What Is This Project About?


This is a project about data - the bits and pieces of information about people and things that have been collecting for thousands of years on paper, papyrus, clay tablets, and now digitally. Data about crop yields, weather patterns, money flows, and industrial output. Records of who owns what, who is related to whom, and how many people live in your town.

Data collection is an old idea; what’s new is the internet. The internet runs on data. There are now hundreds of thousands, perhaps millions, of public and private databases holding everything from climate history to census data, financial and public health records, or academic research. Combining this wealth of information in new ways creates new insights and provides a means to manage highly complex systems. Data is solving previously intractable problems. 

But while most of this data is unrelated to any particular individual, there is growing concern that data is being used, without user participation, to make decisions that impact people’s lives. Algorithms are in the press - those mathematical models that seek to automate how human beings make decisions with data. Artificial Intelligence, or AI, has burst on the scene as a tool to solve problems by spotting patterns too subtle for humans to identify.

Above all, there is a growing concern that unknown data brokers are using the data that we generate for obscure and potentially nefarious purposes - ones we wouldn’t approve of if we only knew the details.

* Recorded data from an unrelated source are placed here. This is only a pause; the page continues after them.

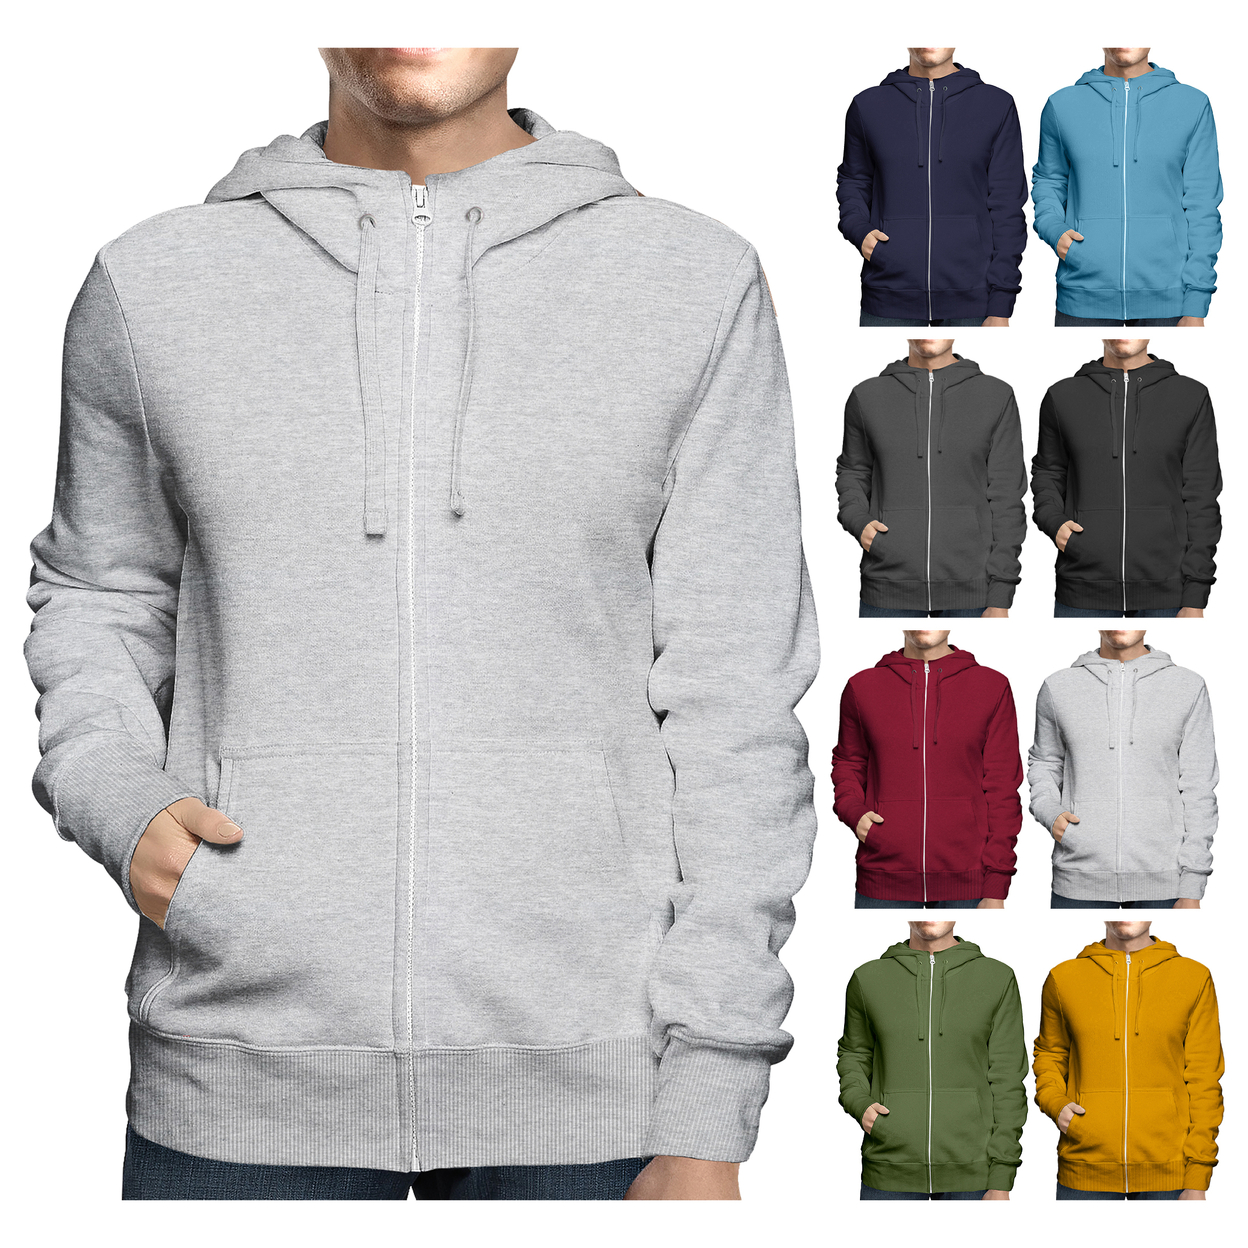 2-Pack: Men's Winter Warm Soft Full Zip-Up Fleece Lined Hoodie Sweatshirt - Black & Grey, Xx-large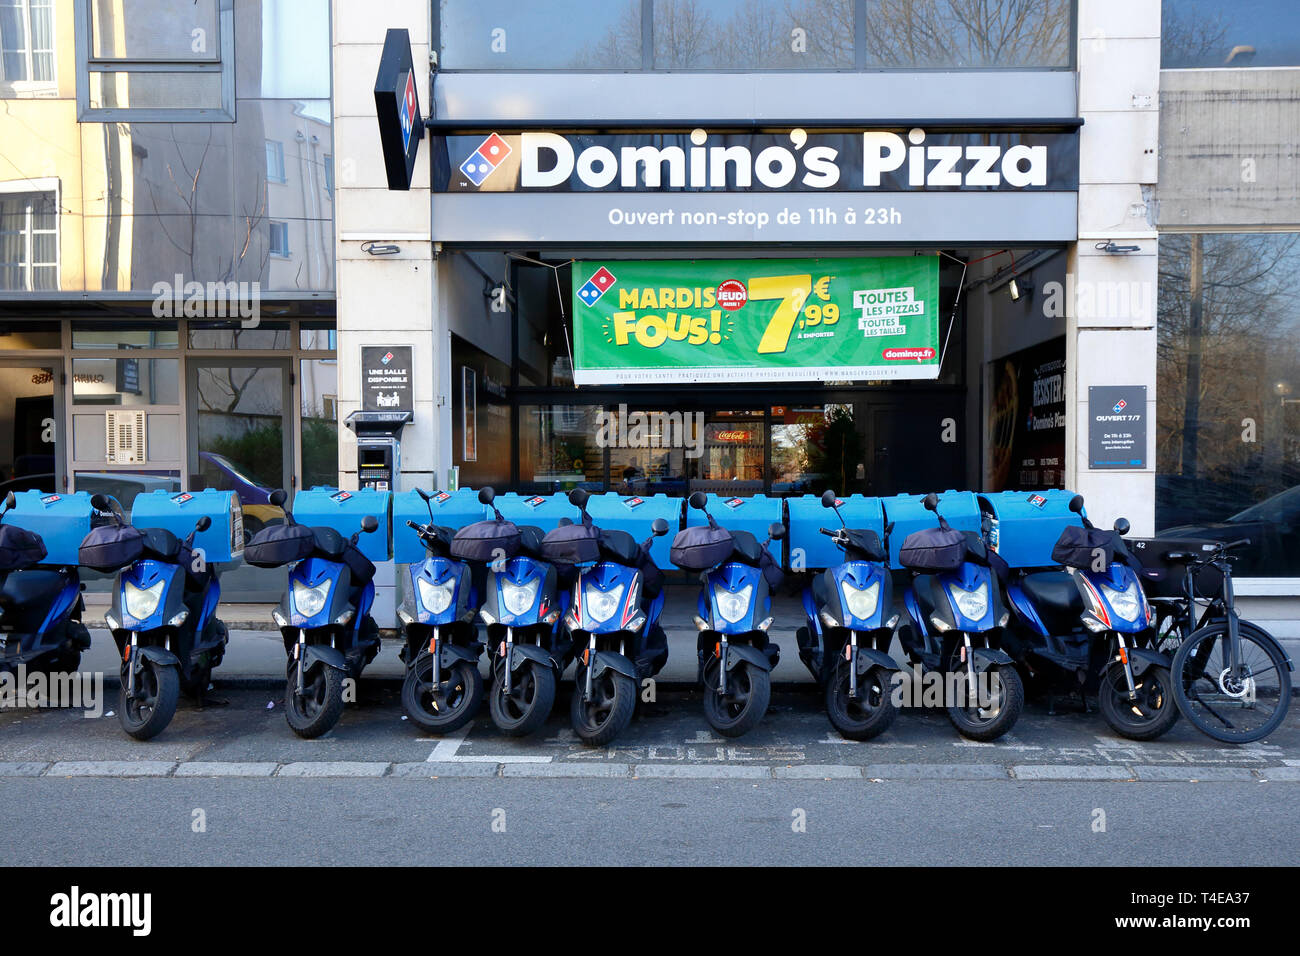 Domino's Pizza, 7 Rue de Margnolles, Caluire-et-Cuire, Lyon, Frankreich. Außenansicht eines Pizzaladens mit vielen Pizzalieferern draußen. Stockfoto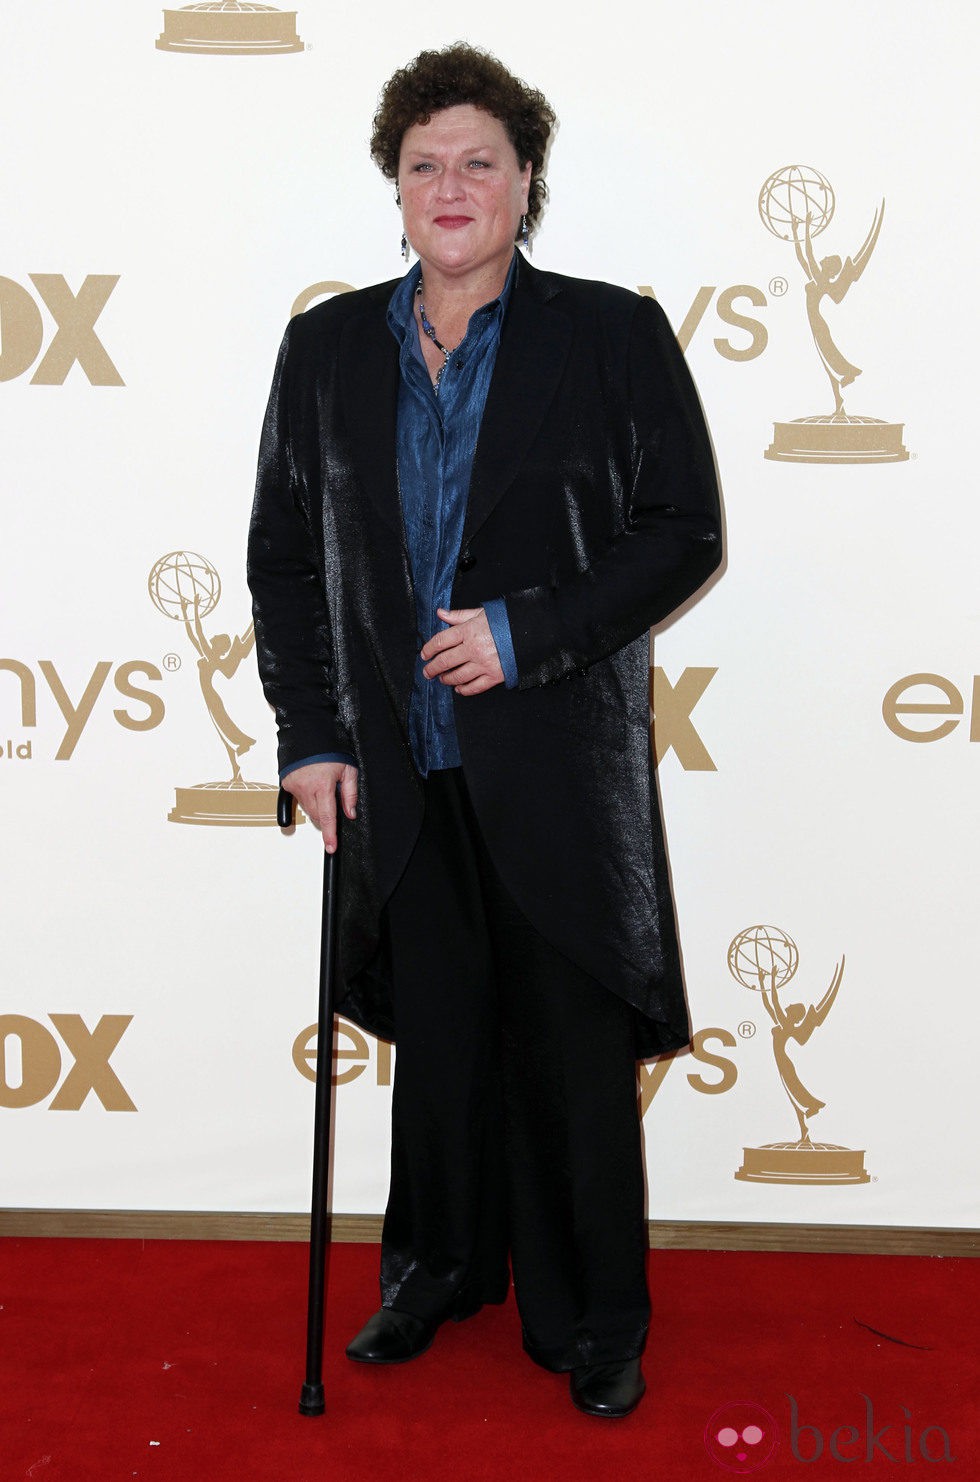 Dot Jones en los premios Emmy 2011

Alongside these concerns, it is also undeniable that we are living in a golden age, largely because of what data can enable. We are curing disease, understanding the universe, reducing poverty, and putting order back into a chaotic world. Every day we are gaining new insights that enable us to improve lives and reduce the costs that come with modern society.

Our goals with this project are two-fold: to educate those outside the data economy about its inner workings, and to extract the collective wisdom of developers and data scientists on how to be good stewards of the data we’re entrusted with. Along the way we hope to bring greater nuance to the data conversation so that all sides can contribute to the ongoing dialog.